While the lead operator was out the junior dutifully swapped the GAMES pack into drive T (for test) 05. As it was spinning up, the washing machine emitted a set of beeps and displayed the “FAULT” light and spun back down.

Being a dutiful, and very new operator, the junior wanted to make sure that the ever-so-important lead operator could play the newest games upon his return, so he moved the GAMES pack from the faulty disk drive T05, to the next in line, unit T04. Once again, during the spin up phase, the drive FAULTed and spun down.

So he moved the GAMES pack to unit T03. Which promptly faulted.

The junior operator, being no slouch, realized that there was something wrong here and decided that there was a problem with the TEST mainframe’s single disk controller. Because the odds of three drives failing at the same time was inconceivable. It had to be the disk controller!

So he mounted the GAMES pack into the disk drive labeled P12 on the PRODUCTION mainframe. Which also faulted. The same with P11.

How odd, he thought, another disk controller failure. So he tried the GAMES pack in P05, which while still on the PRODUCTION mainframe, was on disk controller 0, not controller 1.

In all, the junior operator valiantly tried to mount the GAMES pack in six drives, across three disk controllers, on both the TEST and PRODUCTION mainframes. He knew that the lead operator loved his games, and he wanted to demonstrate his perseverance in following orders.

By the time the lead operator came back from his smoke/tequila break, the junior operator had destroyed the heads in six very expensive disk drives.

We later discovered that the original head crash had caused the heads to skitter into the platter, leaving a dent in the aluminum substrate.  When we examined that pack later, it looked like someone had stabbed the platter with a screwdriver, leaving a raised crater that was VISIBLE TO THE NAKED EYE!  So of course, each time he moved the pack to a new drive, the heads quickly crashed into the to-them Himalayan-sized mountain of aluminum, damaging another set of read/write heads and incidentally spraying oxide dust throughout the drive mechanism itself.

The lead operator had the presence of mind to call in the lead system administrator. As this was going to be a dirty job, they also called in the lowly student intern (“my friend”) so they would have TWO very junior someones to crawl under the almost 3 feet deep raised floor to drag the heavy cables (often called “anaconda cables” due to their size) as the machines were reconfigured.

By Tom94022 – Own work, CC BY-SA 4.0, https://commons.wikimedia.org/w/index.php?curid=38411260

The four of “them” spent the late evening and early morning re-cabling drives between the two systems so that Production could run starting at 8am. The in-house Field Engineer (FE) was called the next day to change all the drive heads and clean all the drive air filters, a two-day job.
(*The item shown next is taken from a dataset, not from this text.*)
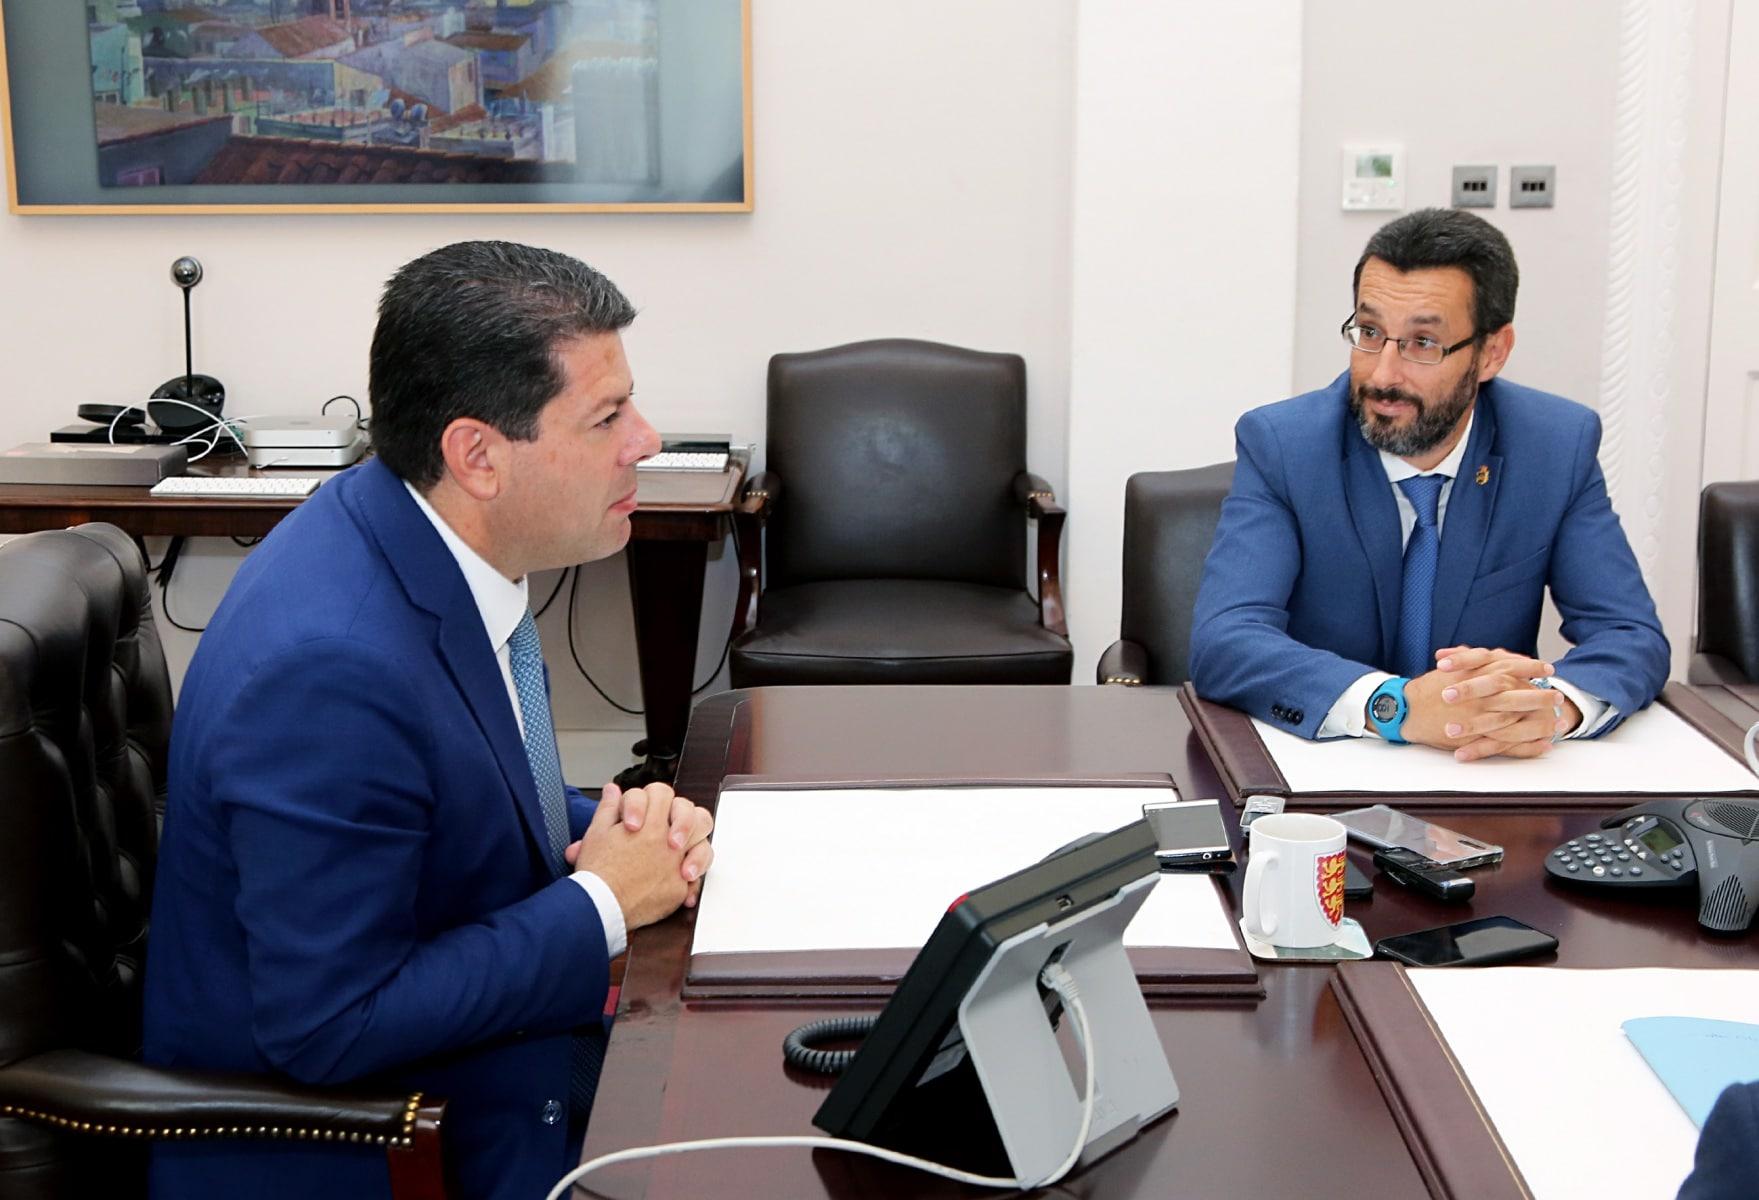 visita-del-alcalde-de-la-lnea-al-ministro-principal-de-gibraltar_48954055213_o

He happily joined the conspiracy as it was immediately obvious to him what had happened. Because he had seen the exact same thing happen at a Major University the year before. They had lost 8(!) drives to a zealous student operator trying to load a disk pack full of ASCII porn pictures. The Senior FE conveniently had a junior FE who needed some extra practice on this incredibly tedious task, having annoyed said Senior FE by interrupting him while he was “explaining computers” to (snogging with) the cute new secretary, in his office late one afternoon.

The junior operator was sworn to secrecy and paid hefty bar tabs for all involved for several months, including a trip to a strip club across town. The intern was promised a good grade and evaluation, and the Junior FE served his multi-day penance never knowing the whole story.

The rash of crashed disk drives was chalked up to a faulty A/C filter in the first failed drive. Said A/C filter having been created by the Senior Field Engineer taking it outside into the Arizona desert and bashing it into a small bush. All the drive heads had been scheduled for replacement and alignment in three weeks anyway, so there was no actual loss to the company.

It’s been over 40 years since that long night crawling under floor tiles and I still remember the lessons of that night. “Dust is bad”, “stop and think”, “know when to call for help,” the value of learning from the mistakes of others, and most importantly, how to keep a secret.

Leave a comment

Scripting a fast Ubuntu install in Google Cloud Platform (GCP)

In this post I’ll show how to script GCP instance creation, Ubuntu installation and patching in order to support the customized SIMH installs that we’ll do later.

All of my GCP/SIMH installs are based on Ubuntu Linux, running on tiny or small GCP instances. Since one of my goals is quick iteration and making it fast and easy for other people to install the SIMH emulator and the guest OSes, I’ve scripted everything. I’ve been a fan of infrastructure-as-code for two decades, so how could I not apply that to my GCP estate?

For this we need four scripts:

  • create-instance – create an instance, install and patch Ubuntu
  • stop-instance – stop (pause) the instance, preserving the instance state (boot volume)
  • start-instance – (re)start the instance from the saved state
  • destroy-instance – destroy the instance (which deletes the associated boot volume)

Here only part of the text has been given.